As for the front bearings, if they're still good, is it possible to remove them without destroying them, using the proper tools and technique, and you only have to replace the seals? The FSM seems to suggest that it is.

The only front wheel bearings I've removed are the kind that get destroyed when you remove them since they're sealed and removal separates the left and right halves (not to be confused with the inner and outer halves). Are these not sealed? I'm talking about 1G AWD front wheel bearings.

Even if I don't need to replace them now, I'd like to remove the bearings so that I can give everything a proper cleaning and painting, but I'd rather not do this if it will destroy the bearings. If it is possible to remove and not destroy them, will a large enough 3 jaw puller do the trick, so long as the forcing bolt is parallel to the bore?
If I recall yes it's possible to remove the front bearings but you already own new. Why on earth would you do all the labor and not go ahead and install them?
 
Because if it ain't broke, don't fix it? Plus the new ones are Timken, not OEM. It's not like replacing a TB as a precautionary measure. Bearings are good until they're not good. That's when you replace them. The more I tinker with the car, the more I'm impressed at how so many parts have held up over the years. The outside of things often looks crappy, rust, grime, dust and such doing their thing. But the internals are rock solid. Mostly. Anyway, I might replace them anyway. Just asking if it's necessary or discretionary, if you remove things right. Also, at this point removing a knuckle is child's play compared to other things I've done on the car.

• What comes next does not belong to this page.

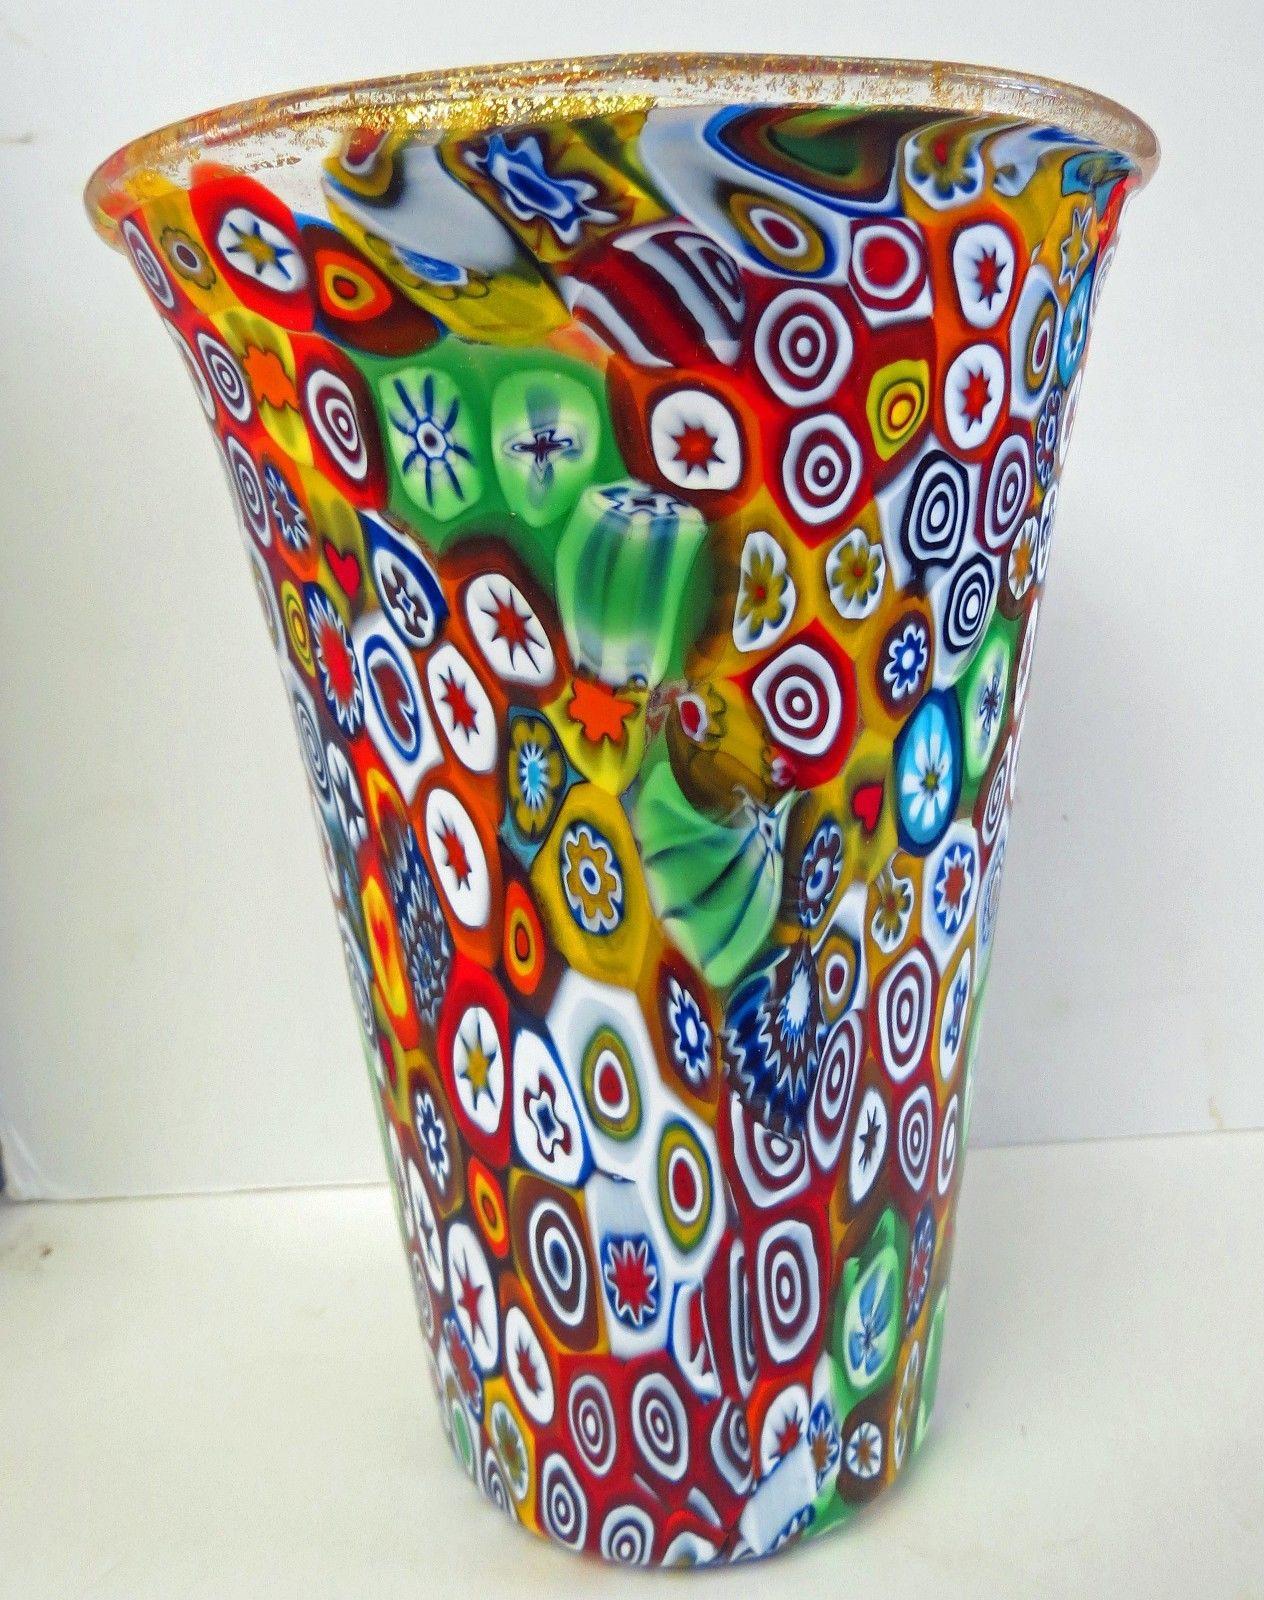 blown glass teardrop vases of murano art glass large gambaro poggi millefiori vase 375 00 with 2 of 8 murano art glass large gambaro poggi millefiori vase 3 of 8 murano art glass

An aside, you know what I hate most about the car? The rust. Hate hate HATE it. It's not unique to DSMs of course and it's mostly surface and caked-on rust that doesn't really affect things mechanically. But it just FEELS so wrong, so I have to get rid of it, treat and paint over the metal whenever I find it. It's easily doubled the amount of work I've done on the car over the past year. It's mostly under the car and hood stuff you usually don't see, but knowing it's there bugs the hell out of me.